On May 13, 2014, at 9:50 AM, John Nielsen <li...@jnielsen.net> wrote:

> On May 9, 2014, at 12:41 PM, John Nielsen <li...@jnielsen.net> wrote:
> 
>> On May 8, 2014, at 12:42 PM, Andrew Duane <adu...@juniper.net> wrote:
>> 
>>> From: owner-freebsd-hack...@freebsd.org 
>>> [mailto:owner-freebsd-hack...@freebsd.org] On Behalf Of John Nielsen
>>> 
>>>> On May 8, 2014, at 11:03 AM, John Baldwin <j...@freebsd.org> wrote:
>>>> 
>>>>> On Wednesday, May 07, 2014 7:15:43 pm John Nielsen wrote:
>>>>>> I am trying to solve a problem with amd64 FreeBSD virtual machines 
>>>>>> running on a Linux+KVM hypervisor. To be honest I'm not sure if the 
>>>>>> problem is in FreeBSD or 
>>>>> the hypervisor, but I'm trying to rule out the OS first.
>>>>>> 
>>>>>> The _second_ time FreeBSD boots in a virtual machine with more than one 
>>>>>> core, the boot hangs just before the kernel would normally print e.g. 
>>>>>> "SMP: AP CPU #1 
>>>>> Launched!" (The last line on the console is "usbus0: 12Mbps Full Speed 
>>>>> USB v1.0", but the problem persists even without USB). The VM will boot 
>>>>> fine a first time, 
>>>>> but running either "shutdown -r now" OR "reboot" will lead to a hung 
>>>>> second boot. Stopping and starting the host qemu-kvm process is the only 
>>>>> way to continue.
>>>>>> 
>>>>>> The problem seems to be triggered by something in the SMP portion of 
>>>>>> cpu_reset() (from sys/amd64/amd64/vm_machdep.c). If I hit the virtual 
>>>>>> "reset" button the next 
>>>>> boot is fine. If I have 'kern.smp.disabled="1"' set for the initial boot 
>>>>> then subsequent boots are fine (but I can only use one CPU core, of 
>>>>> course). However, if I 
>>>>> boot normally the first time then set 'kern.smp.disabled="1"' for the 
>>>>> second (re)boot, the problem is triggered.

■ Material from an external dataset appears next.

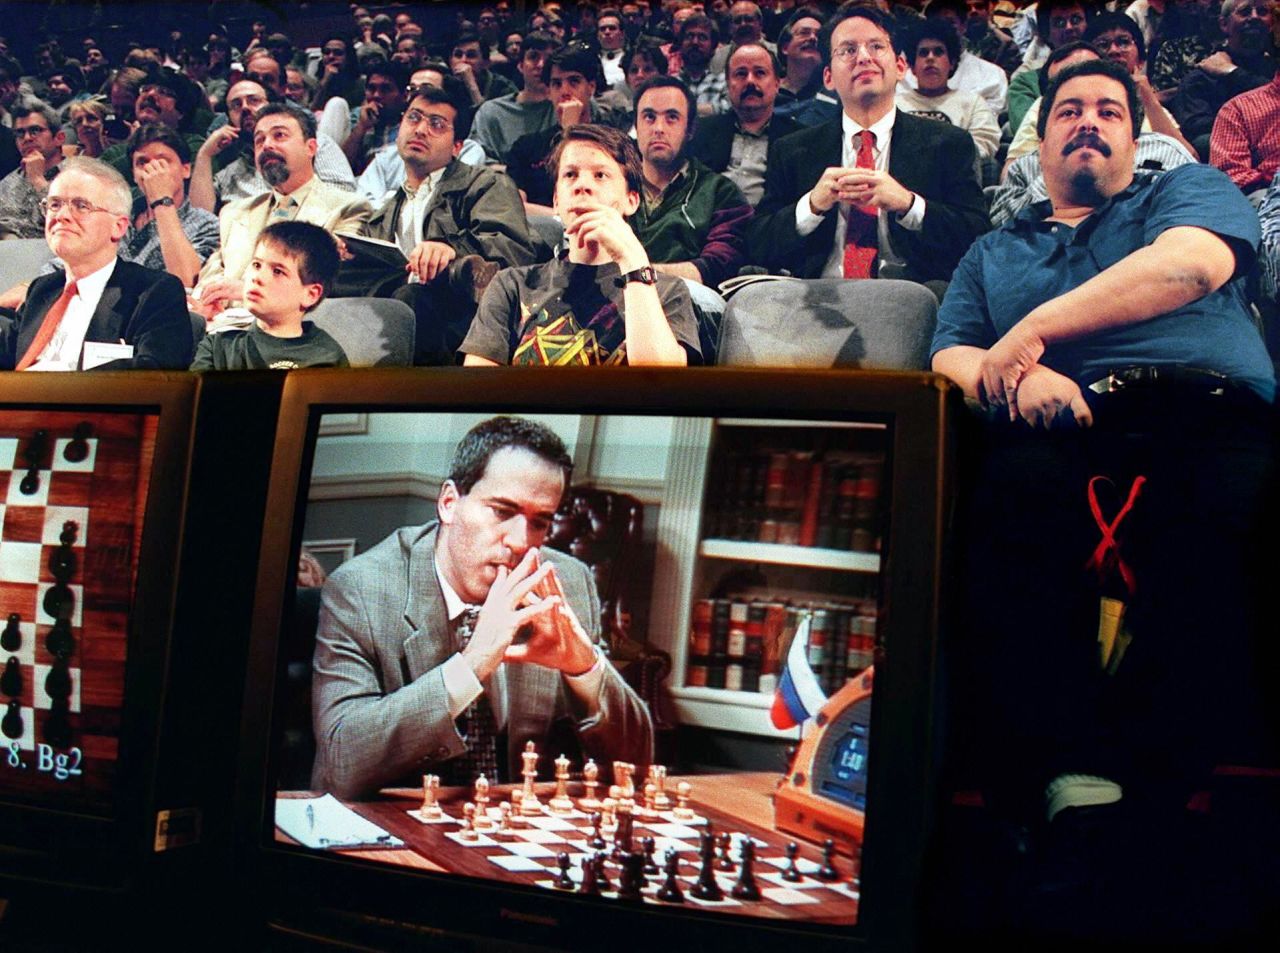 Deep Blue -- a chess-playing computer developed by IBM -- became the first piece of artificial intelligence to win both a chess game and a chess match against a reigning world champion, beating Kasparov in May 1997. Kasparov accused IBM of cheating and demanded a rematch, which IBM turned down and instead chose to retire Deep Blue.

Apparently something in the 
>>>>> shutdown code is 
>>>>> "poisoning the well" for the next boot.
>>>>>> 
>>>>>> The problem is present in FreeBSD 8.4, 9.2, 10.0 and 11-CURRENT as of 
>>>>>> yesterday.
>>>>>> 
>>>>>> This (heavy-handed and wrong) patch (to HEAD) lets me avoid the issue:
>>>>>> 
>>>>>> --- sys/amd64/amd64/vm_machdep.c.orig    2014-05-07 13:19:07.400981580 
>>>>>> -0600
>>>>>> +++ sys/amd64/amd64/vm_machdep.c 2014-05-07 17:02:52.416783795 -0600
>>>>>> @@ -593,7 +593,7 @@
>>>>>> void
>>>>>> cpu_reset()
>>>>>> {
>>>>>> -#ifdef SMP
>>>>>> +#if 0
>>>>>>  cpuset_t map;
>>>>>>  u_int cnt;
>>>>>> 
>>>>>> I've tried skipping or disabling smaller chunks of code within the #if 
>>>>>> block but haven't found a consistent winner yet.
>>>>>> 
>>>>>> I'm hoping the list will have suggestions on how I can further narrow 
>>>>>> down the problem, or theories on what might be going on.
>>>>> 
>>>>> Can you try forcing the reboot to occur on the BSP (via 'cpuset -l 0 
>>>>> reboot')
>>>>> or a non-BSP ('cpuset -l 1 reboot') to see if that has any effect?  It 
>>>>> might
>>>>> not, but if it does it would help narrow down the code to consider.
>>>> 
>>>> Hello jhb, thanks for responding.
>>>> 
>>>> I tried your suggestion but unfortunately it does not make any difference. 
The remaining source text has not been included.